MoS2-GO hybrid sensor: A discerning approach for detecting harmful H2S gas at room temperature

Abstract

The molybdenum disulfide (MoS2)- graphene oxide (GO) hybrids have fashioned by a clean hydrothermal route. Initially, two-dimensional GO sheets have synthesized using the modified Hummer’s method and intercalated into the MoS2 nanoparticles (NPs). The sophisticated characterizations comprising X-ray diffraction (XRD), Raman spectroscopy, field emission scanning electron microscopy (FESEM), energy dispersive spectroscopy (EDS), transmission electron microscopy (TEM), X-ray photoelectron spectroscopy (XPS), Brunauer-Emmett-Teller (BET) analyzer, custom designed gas sensing set-up, etc. utilized for the analysis of as-prepared MoS2-GO (1 to 5 wt%) hybrids.

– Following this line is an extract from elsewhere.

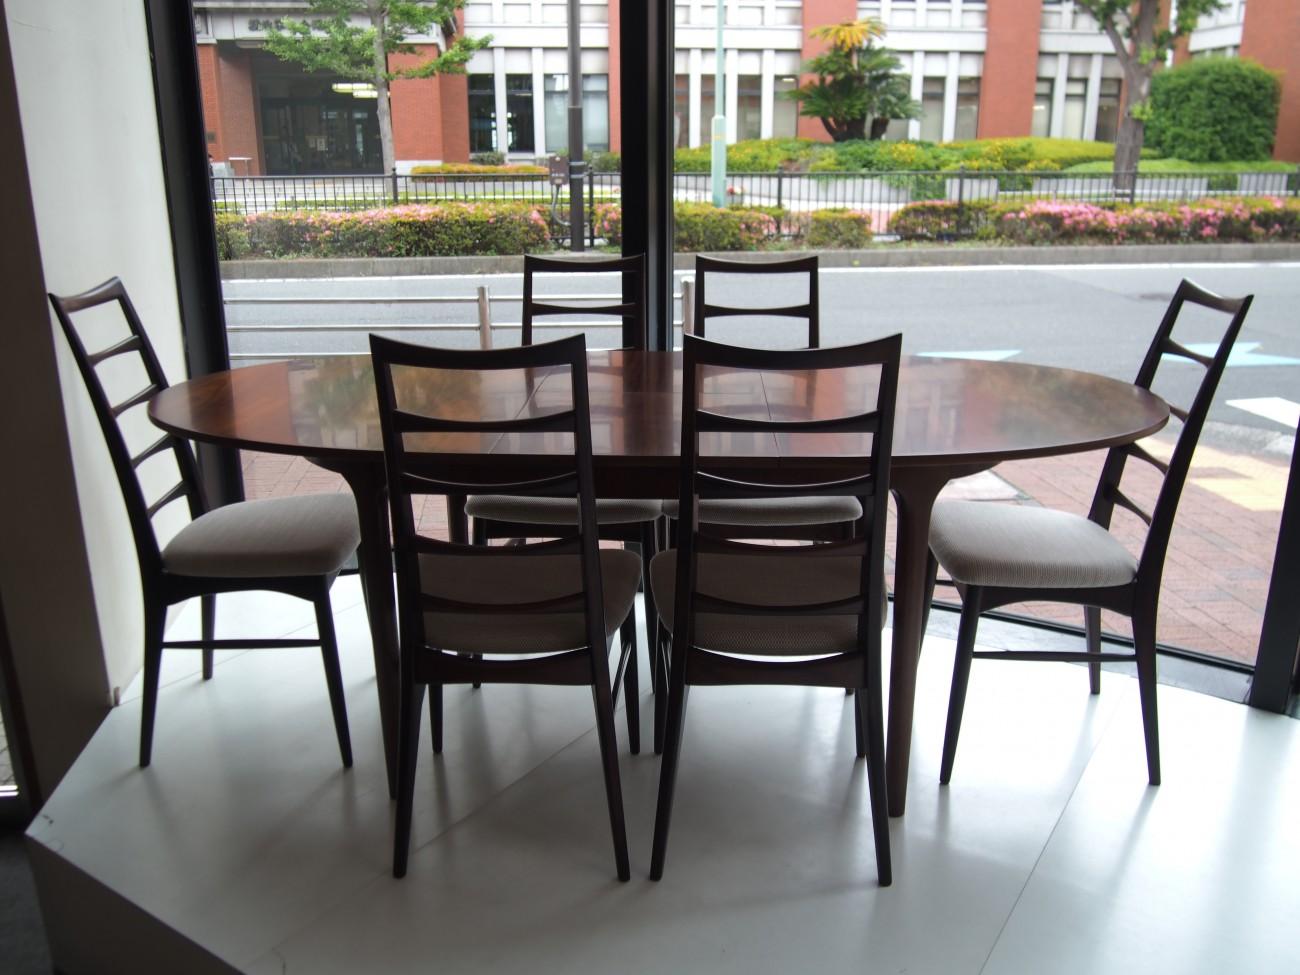 ニールス・コフォード Liz ローズウッドチェアとエクステンションダイニングテーブル A.H.McINTOSH(マッキントッシュ) & CO LTD KIRKCALDY SCOTLAND ビンテージ北欧家具のセットの全体写真

The maximum sensor response exhibited by as-prepared MoS2-GO (3%) hybrid sensor was 39.16% towards 100 ppm hydrogen sulfide (H2S) gas at room temperature (RT, i.e., 28 °C) in a quickest response time (6.13 s) and least concentration of H2S detected was 1 ppm with response value 0.51%. This report investigated first time that as-prepared MoS2-GO (MG) hybrids with varied proportion of GO (1 to 5 wt%) demonstrated spectacularly improved gas sensing performance towards H2S at RT. The boosted gas sensing performance of MG hybrids could be attributed to the synergistic influence of constituents i.e., MoS2 NPs and GO sheets. An impedance spectroscopy has been exploited to study the interactions between H2S gas molecules and MG hybrid sensor surface.